Here's one from the NYTimes, Greg:

y JON PARELES
Published: May 20, 2007

Alphonse Ardoin, a Louisiana Creole accordionist and singer nicknamed Bois Sec whose music stalwartly sustained South Louisiana tradition, died Wednesday of natural causes in Eunice, La., where he had been living in a nursing home, said his son Morris. He was 91 years old.

For five decades, Alphonse Ardoin worked regularly with the fiddler Canray Fontenot, trading quick-fingered passages on some of the oldest known Creole tunes and infusing Cajun waltzes with the blues. English speakers sometimes called the style "la la music," but it was known by its players simply as "la musique Creole."

Eventually, the Creole waltzes and two-steps would be punched up, plugged in and fused with rhythm and blues, creating the zydeco music that still fills South Louisiana dance halls. In 1986, Mr. Ardoin and Mr. Fontenot (who died in 1995) both received from the National Endowment for the Arts the National Heritage Fellowship, the highest American award for traditional arts.

Alphonse Ardoin was born in 1915 in rural Duralde, La., the son of sharecroppers, and he worked on farms all his life. As a child, he was nicknamed Bois Sec ("dry wood"), because he had a reputation for being the first in the cotton fields to seek shelter during Louisiana's sudden downpours.

Mr. Ardoin took up the button accordion, an instrument that had a family tradition. His cousin Amédé Ardoin made pioneering recordings of French Creole music with the fiddler Dennis McGee. Alphonse Ardoin took up the accordion and learned his cousin's style, in part by playing triangle in Amédé's band. According to Michael Tisserand's book "The Kingdom of Zydeco," Alphonse told his cousin, "It won't be long until I catch up with you."

But music remained a sideline until the 1940s, when he started working regularly with Mr. Fontenot. As the Duralde Ramblers, they played at dances and parties and on a live radio show broadcast from Eunice. Their reputation spread so widely that they were booked at the 1966 Newport Folk Festival. On the way back south from the festival, they stopped in Virginia and recorded their first album, "Les Blues du Bayou," which was later reissued by Arhoolie as "La Musique Creole."

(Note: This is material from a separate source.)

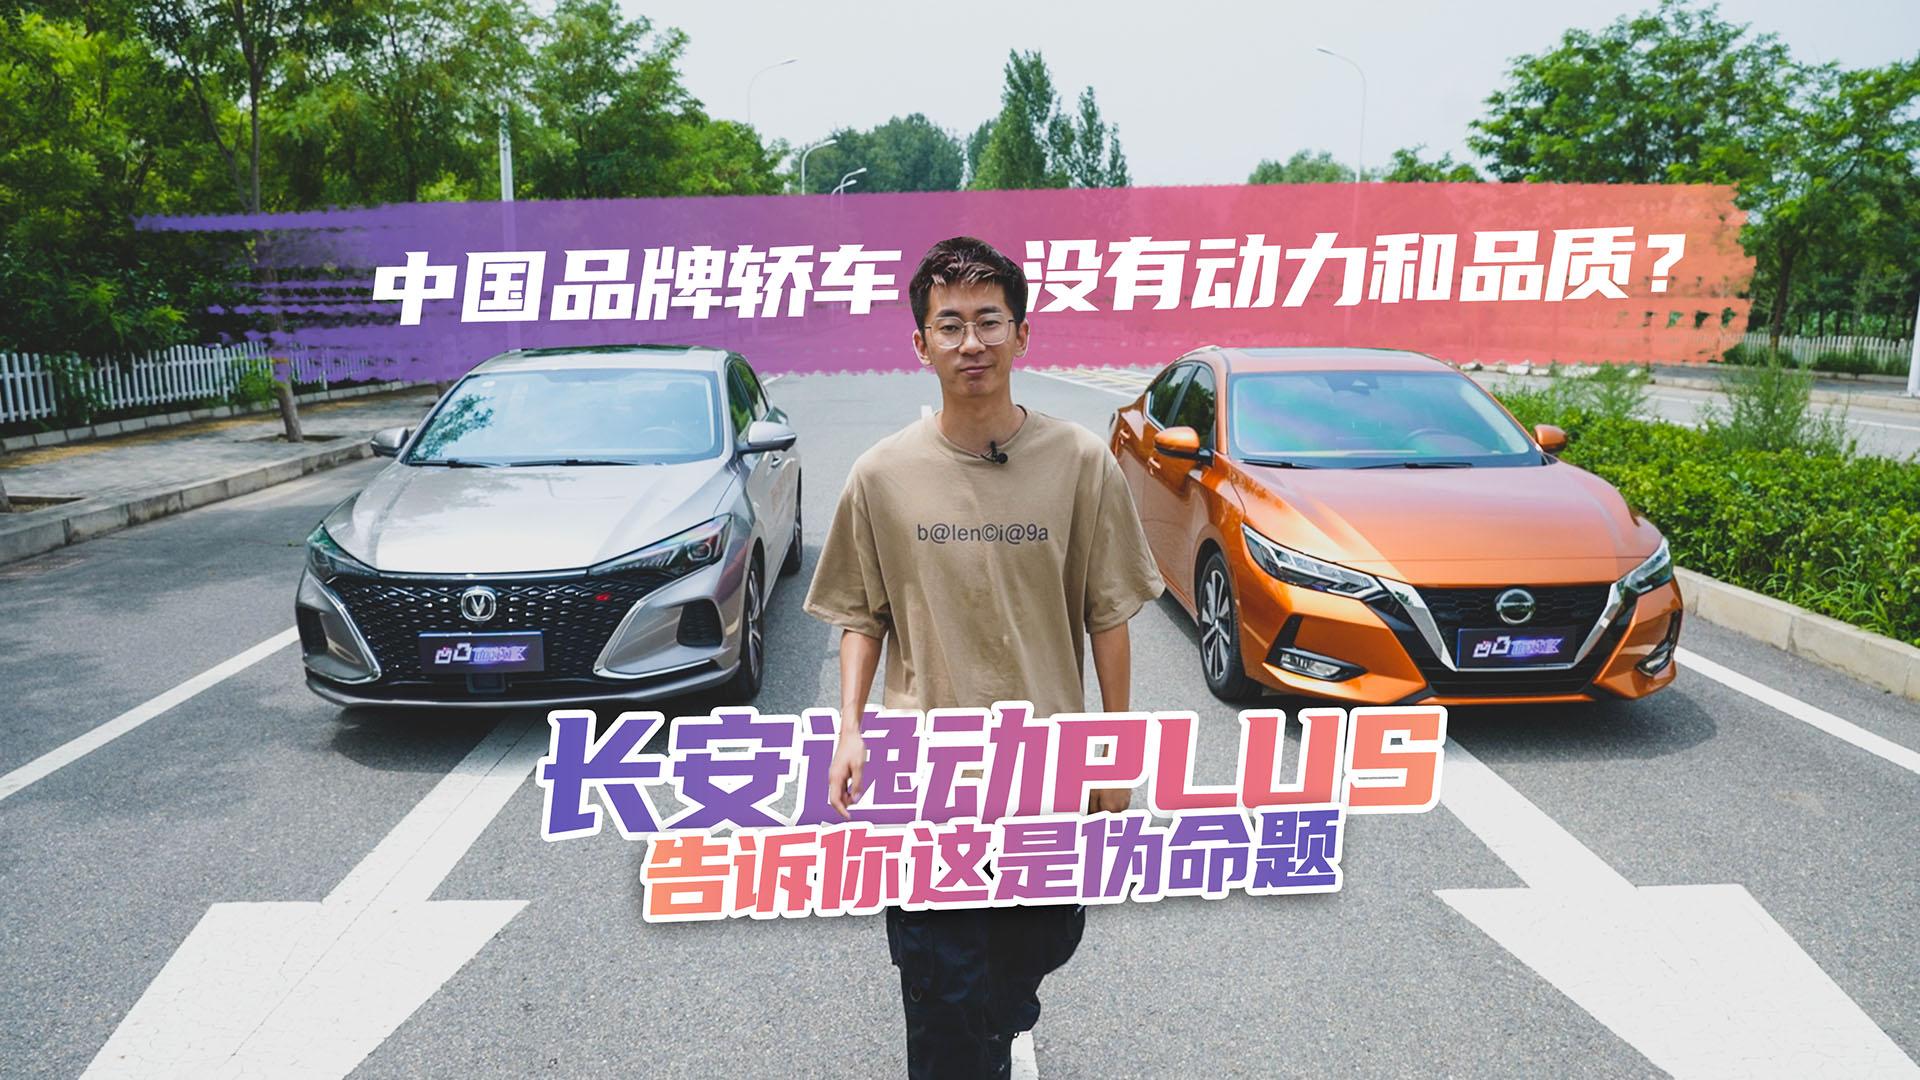 中国品牌轿车没有动力和品质? 长安逸动PLUS告诉你

As the old Creole style was replaced by zydeco on the dance-hall circuit, Mr. Ardoin and Mr. Fontenot took their music to folk festivals and concerts worldwide. In the 1970s, Mr. Ardoin added his sons Morris, Lawrence and Gustave to his group, which became the Ardoin Family Orchestra.

He also recorded and performed with the Cajun fiddler Dewey Balfa and later with a younger generation of Creole traditionalists, notably Balfa Toujours, led by Dewey's daughter Christine, with whom he made the 1998 album "Allons Danser." And through the years, Mr. Ardoin's songs made their way into the repertory of zydeco bands and traditionalist groups like Steve Riley and the Mamou Playboys.

He is survived by a brother, Delphin; his children, Morris, Florence, Mildred, Amelia, Dorothy, Juanita, Emily, Alberta, Matilda, Lawrence, Ronald and Russell; and "a whole bunch" of grandchildren, Morris Ardoin said. Three of those grandchildren — Dexter, Sean and Chris — lead their own bands, playing Creole music and zydeco."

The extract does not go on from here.